MIRAS BANTUL : Penjual Miras Didenda Rp8 Juta

Bhekti Suryani
Bhekti Suryani Rabu, 18 Februari 2015 19:40 WIB
MIRAS BANTUL : Penjual Miras Didenda Rp8 Juta

Miras Bantul, terutama penjual mendapat hukuman denda sebesar Rp8 juta.

Harianjogja.com, BANTUL- Seorang penjual minuman keras (miras) di Bantul didenda senilai Rp8 juta. Hukuman itu terbilang tinggi dari sanksi yang biasanya dijatuhkan untuk kasus serupa.
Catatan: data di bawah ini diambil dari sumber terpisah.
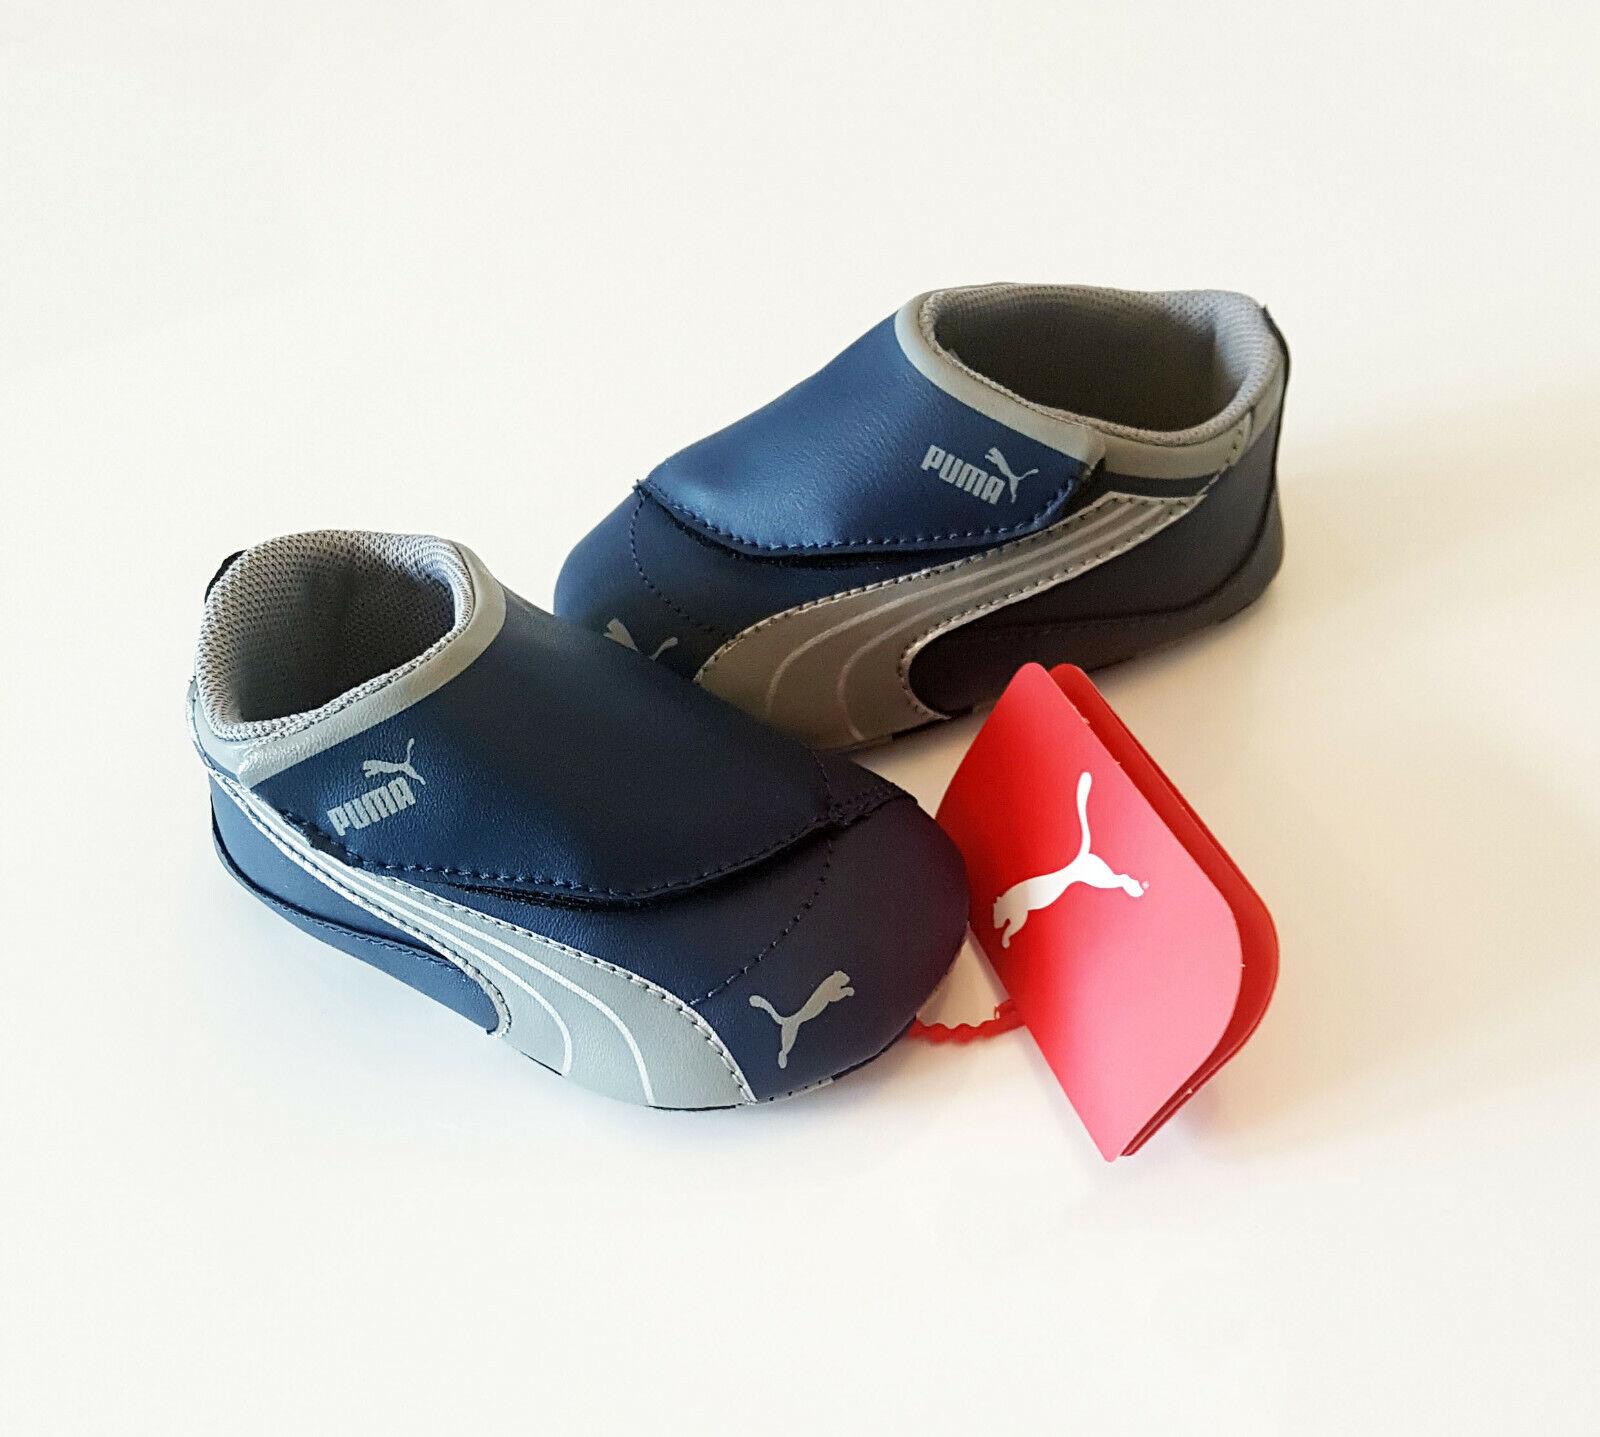 Puma Krabbelschuhe Laufschuhe Babyschuhe NEU Sneaker shoes baby infant

Selasa (17/2/2015) siang, Pengadilan Negeri (PN) Bantul menyidangkan perkara tindak pidana ringan (tipiring) penjualan miras dan perzinahan. Salah satu penjual miras, Legiyem,56 warga Sonosewu, Desa Ngestiharjo, Kasihan Bantul didenda senilai Rp8 juta.

Dalam persidangan itu terungkap, Legiyem telah berkali-kali menjual miras. Pada persidangan Selasa, puluhan botol miras miliknya seperti ciu, mansion, anggur kolesom dan coktail dihadapkan di pengadilan.

Hakim Zainal Arifin mewajibkan Legiyem membayar dendanya atau diganjar kurungan selama sebulan. Menurut Zainal, denda itu terbilang tinggi.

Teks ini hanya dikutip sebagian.